Exercise description:
From the data below, copy exactly the lines that lie between the one holding "Ahora mantiene un" and the one holding "2. Strange; Stranger", including both, and nothing more.

[Given information]

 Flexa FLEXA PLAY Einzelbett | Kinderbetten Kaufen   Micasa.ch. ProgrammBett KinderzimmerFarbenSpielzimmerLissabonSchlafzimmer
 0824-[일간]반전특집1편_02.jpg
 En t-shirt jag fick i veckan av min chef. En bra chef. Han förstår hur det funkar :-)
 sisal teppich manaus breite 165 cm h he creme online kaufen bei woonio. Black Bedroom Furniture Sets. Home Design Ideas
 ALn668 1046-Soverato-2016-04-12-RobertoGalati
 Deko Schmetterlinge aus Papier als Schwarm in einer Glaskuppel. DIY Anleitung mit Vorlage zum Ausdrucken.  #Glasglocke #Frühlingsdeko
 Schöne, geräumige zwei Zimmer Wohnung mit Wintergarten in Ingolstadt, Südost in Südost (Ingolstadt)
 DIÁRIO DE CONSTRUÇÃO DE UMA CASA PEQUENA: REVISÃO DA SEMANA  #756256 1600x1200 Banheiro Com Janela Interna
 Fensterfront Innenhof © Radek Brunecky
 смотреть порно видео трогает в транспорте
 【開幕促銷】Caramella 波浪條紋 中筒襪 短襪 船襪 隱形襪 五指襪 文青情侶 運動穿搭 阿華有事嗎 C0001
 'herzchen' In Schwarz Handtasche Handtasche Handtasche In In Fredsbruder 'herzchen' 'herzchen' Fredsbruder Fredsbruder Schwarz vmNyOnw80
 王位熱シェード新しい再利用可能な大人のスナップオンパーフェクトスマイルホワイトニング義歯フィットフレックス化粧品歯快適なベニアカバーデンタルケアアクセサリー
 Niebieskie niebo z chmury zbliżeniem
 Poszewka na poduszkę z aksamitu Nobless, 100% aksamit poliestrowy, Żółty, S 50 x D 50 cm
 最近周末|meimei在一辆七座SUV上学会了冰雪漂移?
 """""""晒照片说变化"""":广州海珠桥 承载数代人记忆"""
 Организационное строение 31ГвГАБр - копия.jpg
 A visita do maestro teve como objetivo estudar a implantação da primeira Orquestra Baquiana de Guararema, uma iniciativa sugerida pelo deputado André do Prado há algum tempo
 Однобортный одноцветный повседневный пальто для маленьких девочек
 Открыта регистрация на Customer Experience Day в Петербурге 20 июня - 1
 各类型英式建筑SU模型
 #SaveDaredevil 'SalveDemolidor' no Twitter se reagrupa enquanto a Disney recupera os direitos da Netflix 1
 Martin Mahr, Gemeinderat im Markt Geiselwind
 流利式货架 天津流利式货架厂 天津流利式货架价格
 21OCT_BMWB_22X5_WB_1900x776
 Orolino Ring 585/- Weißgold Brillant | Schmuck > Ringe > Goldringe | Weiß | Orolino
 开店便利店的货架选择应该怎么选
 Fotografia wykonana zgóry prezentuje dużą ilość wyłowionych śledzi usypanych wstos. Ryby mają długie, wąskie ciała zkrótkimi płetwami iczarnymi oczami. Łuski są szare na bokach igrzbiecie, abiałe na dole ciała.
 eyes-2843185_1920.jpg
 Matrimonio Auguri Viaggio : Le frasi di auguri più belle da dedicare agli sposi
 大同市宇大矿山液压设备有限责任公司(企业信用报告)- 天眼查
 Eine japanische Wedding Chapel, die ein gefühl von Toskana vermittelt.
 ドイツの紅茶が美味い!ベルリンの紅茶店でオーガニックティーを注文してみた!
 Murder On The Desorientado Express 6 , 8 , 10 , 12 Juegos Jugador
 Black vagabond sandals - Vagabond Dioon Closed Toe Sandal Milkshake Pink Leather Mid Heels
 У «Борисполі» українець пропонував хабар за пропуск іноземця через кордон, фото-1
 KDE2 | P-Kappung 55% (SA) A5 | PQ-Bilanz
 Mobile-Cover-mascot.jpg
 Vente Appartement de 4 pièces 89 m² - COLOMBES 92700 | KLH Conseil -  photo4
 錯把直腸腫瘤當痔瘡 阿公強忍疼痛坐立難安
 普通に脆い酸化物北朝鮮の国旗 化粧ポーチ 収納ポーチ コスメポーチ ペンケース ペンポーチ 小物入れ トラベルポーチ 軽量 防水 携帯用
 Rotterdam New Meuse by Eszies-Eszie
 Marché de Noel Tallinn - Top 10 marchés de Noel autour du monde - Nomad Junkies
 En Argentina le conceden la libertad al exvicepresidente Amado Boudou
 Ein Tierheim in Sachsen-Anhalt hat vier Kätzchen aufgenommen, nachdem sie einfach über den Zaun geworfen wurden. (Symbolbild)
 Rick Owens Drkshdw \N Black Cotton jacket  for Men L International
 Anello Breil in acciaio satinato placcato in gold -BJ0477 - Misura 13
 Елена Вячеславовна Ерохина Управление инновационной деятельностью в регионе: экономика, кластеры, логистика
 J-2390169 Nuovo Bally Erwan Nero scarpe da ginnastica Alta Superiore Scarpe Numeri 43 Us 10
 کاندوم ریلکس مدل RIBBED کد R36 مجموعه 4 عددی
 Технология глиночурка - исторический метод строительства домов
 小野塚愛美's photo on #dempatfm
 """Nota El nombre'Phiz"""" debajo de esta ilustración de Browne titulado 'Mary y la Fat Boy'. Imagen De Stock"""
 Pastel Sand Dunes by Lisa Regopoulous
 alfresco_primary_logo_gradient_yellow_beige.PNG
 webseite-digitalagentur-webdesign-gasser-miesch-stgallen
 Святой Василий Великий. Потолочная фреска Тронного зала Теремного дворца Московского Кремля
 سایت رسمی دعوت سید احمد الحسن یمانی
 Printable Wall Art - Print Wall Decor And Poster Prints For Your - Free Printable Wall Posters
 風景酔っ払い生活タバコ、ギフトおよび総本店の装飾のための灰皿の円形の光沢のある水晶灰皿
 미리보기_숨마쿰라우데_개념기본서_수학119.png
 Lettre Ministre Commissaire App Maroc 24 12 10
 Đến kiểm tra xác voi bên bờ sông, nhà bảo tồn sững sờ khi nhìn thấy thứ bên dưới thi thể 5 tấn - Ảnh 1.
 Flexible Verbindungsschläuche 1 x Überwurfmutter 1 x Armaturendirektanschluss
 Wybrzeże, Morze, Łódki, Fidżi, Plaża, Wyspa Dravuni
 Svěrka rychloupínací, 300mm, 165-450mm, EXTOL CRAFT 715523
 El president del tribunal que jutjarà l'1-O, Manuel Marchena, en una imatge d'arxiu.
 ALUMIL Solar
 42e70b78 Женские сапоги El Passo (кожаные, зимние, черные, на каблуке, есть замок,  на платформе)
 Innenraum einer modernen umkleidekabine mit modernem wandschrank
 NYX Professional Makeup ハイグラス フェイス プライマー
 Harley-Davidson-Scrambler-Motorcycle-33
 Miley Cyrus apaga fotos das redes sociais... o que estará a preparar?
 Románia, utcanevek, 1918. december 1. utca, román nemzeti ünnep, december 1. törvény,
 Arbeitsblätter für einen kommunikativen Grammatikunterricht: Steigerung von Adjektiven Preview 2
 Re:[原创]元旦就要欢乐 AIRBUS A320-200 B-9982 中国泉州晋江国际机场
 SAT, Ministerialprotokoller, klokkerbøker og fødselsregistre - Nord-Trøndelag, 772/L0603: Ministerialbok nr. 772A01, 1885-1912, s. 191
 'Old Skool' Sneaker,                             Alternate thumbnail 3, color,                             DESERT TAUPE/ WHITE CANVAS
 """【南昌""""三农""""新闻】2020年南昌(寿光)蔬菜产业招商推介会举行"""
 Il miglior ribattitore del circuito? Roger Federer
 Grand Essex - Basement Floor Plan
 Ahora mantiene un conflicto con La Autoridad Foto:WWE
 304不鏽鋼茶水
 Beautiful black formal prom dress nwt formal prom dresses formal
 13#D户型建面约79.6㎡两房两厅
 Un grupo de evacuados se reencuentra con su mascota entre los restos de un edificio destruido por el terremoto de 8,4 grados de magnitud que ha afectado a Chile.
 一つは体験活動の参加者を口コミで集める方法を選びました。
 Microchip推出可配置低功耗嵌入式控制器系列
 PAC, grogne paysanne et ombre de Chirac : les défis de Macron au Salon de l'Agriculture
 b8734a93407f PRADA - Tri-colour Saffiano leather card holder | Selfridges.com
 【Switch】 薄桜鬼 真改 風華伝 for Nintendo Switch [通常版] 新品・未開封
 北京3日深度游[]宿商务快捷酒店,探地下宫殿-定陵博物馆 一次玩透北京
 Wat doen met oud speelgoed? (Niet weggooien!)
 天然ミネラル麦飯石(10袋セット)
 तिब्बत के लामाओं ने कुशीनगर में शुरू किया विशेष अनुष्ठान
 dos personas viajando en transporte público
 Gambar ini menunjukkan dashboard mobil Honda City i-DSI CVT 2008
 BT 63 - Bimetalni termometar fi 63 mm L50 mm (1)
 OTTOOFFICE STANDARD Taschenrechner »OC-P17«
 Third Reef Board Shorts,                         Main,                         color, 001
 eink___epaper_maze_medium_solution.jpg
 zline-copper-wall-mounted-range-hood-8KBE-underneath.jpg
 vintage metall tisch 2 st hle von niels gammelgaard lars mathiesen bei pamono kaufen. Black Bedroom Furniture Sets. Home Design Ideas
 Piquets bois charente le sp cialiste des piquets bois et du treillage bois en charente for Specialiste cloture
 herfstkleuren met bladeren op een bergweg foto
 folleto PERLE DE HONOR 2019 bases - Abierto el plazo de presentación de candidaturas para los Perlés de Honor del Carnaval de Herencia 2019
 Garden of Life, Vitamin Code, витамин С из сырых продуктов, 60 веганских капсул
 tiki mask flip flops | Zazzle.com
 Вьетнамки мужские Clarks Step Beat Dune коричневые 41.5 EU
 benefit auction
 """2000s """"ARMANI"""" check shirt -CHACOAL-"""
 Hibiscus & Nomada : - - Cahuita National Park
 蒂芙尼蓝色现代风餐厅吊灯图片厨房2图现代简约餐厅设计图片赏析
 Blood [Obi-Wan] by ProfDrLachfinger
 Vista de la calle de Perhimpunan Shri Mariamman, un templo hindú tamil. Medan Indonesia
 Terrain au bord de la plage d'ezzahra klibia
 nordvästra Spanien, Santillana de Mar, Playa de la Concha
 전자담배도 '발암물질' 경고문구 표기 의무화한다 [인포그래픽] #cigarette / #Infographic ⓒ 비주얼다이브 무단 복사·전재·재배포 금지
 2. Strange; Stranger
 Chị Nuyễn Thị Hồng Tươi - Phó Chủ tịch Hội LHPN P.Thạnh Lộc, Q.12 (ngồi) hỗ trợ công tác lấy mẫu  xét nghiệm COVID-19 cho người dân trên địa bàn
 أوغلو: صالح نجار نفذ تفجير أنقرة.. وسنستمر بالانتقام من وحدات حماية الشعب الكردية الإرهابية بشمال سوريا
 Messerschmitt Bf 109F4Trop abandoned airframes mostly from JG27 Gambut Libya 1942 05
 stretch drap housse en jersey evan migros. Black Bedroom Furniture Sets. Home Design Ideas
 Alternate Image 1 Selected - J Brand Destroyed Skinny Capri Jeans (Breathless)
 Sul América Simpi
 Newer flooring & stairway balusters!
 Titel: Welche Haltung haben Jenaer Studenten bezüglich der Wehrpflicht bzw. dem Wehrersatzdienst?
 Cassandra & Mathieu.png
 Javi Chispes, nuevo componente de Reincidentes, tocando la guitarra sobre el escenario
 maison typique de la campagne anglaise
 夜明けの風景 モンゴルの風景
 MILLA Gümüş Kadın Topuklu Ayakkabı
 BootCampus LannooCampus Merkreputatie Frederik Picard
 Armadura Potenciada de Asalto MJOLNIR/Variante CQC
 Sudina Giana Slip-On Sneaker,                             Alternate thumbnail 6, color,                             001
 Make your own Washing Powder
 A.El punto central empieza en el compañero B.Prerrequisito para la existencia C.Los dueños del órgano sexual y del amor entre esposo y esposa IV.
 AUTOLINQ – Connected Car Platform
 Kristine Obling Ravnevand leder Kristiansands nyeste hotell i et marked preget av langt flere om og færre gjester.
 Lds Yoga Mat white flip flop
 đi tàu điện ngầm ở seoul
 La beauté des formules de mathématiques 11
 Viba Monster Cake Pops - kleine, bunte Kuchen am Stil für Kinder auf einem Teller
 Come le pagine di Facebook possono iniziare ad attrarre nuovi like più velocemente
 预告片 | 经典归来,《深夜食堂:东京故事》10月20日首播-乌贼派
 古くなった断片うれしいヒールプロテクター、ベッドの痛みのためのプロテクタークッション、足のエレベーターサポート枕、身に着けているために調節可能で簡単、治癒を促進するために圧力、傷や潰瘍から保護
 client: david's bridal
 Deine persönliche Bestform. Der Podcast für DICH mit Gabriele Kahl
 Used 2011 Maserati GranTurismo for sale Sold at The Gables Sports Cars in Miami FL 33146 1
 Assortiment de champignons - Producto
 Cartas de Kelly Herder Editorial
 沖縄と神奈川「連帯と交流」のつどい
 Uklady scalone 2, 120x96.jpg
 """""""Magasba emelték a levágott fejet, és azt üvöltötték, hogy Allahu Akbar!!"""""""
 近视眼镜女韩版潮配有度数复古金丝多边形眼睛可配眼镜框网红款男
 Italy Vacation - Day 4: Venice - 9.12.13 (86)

[/Given information]

Worked solution:
 Ahora mantiene un conflicto con La Autoridad Foto:WWE
 304不鏽鋼茶水
 Beautiful black formal prom dress nwt formal prom dresses formal
 13#D户型建面约79.6㎡两房两厅
 Un grupo de evacuados se reencuentra con su mascota entre los restos de un edificio destruido por el terremoto de 8,4 grados de magnitud que ha afectado a Chile.
 一つは体験活動の参加者を口コミで集める方法を選びました。
 Microchip推出可配置低功耗嵌入式控制器系列
 PAC, grogne paysanne et ombre de Chirac : les défis de Macron au Salon de l'Agriculture
 b8734a93407f PRADA - Tri-colour Saffiano leather card holder | Selfridges.com
 【Switch】 薄桜鬼 真改 風華伝 for Nintendo Switch [通常版] 新品・未開封
 北京3日深度游[]宿商务快捷酒店,探地下宫殿-定陵博物馆 一次玩透北京
 Wat doen met oud speelgoed? (Niet weggooien!)
 天然ミネラル麦飯石(10袋セット)
 तिब्बत के लामाओं ने कुशीनगर में शुरू किया विशेष अनुष्ठान
 dos personas viajando en transporte público
 Gambar ini menunjukkan dashboard mobil Honda City i-DSI CVT 2008
 BT 63 - Bimetalni termometar fi 63 mm L50 mm (1)
 OTTOOFFICE STANDARD Taschenrechner »OC-P17«
 Third Reef Board Shorts,                         Main,                         color, 001
 eink___epaper_maze_medium_solution.jpg
 zline-copper-wall-mounted-range-hood-8KBE-underneath.jpg
 vintage metall tisch 2 st hle von niels gammelgaard lars mathiesen bei pamono kaufen. Black Bedroom Furniture Sets. Home Design Ideas
 Piquets bois charente le sp cialiste des piquets bois et du treillage bois en charente for Specialiste cloture
 herfstkleuren met bladeren op een bergweg foto
 folleto PERLE DE HONOR 2019 bases - Abierto el plazo de presentación de candidaturas para los Perlés de Honor del Carnaval de Herencia 2019
 Garden of Life, Vitamin Code, витамин С из сырых продуктов, 60 веганских капсул
 tiki mask flip flops | Zazzle.com
 Вьетнамки мужские Clarks Step Beat Dune коричневые 41.5 EU
 benefit auction
 """2000s """"ARMANI"""" check shirt -CHACOAL-"""
 Hibiscus & Nomada : - - Cahuita National Park
 蒂芙尼蓝色现代风餐厅吊灯图片厨房2图现代简约餐厅设计图片赏析
 Blood [Obi-Wan] by ProfDrLachfinger
 Vista de la calle de Perhimpunan Shri Mariamman, un templo hindú tamil. Medan Indonesia
 Terrain au bord de la plage d'ezzahra klibia
 nordvästra Spanien, Santillana de Mar, Playa de la Concha
 전자담배도 '발암물질' 경고문구 표기 의무화한다 [인포그래픽] #cigarette / #Infographic ⓒ 비주얼다이브 무단 복사·전재·재배포 금지
 2. Strange; Stranger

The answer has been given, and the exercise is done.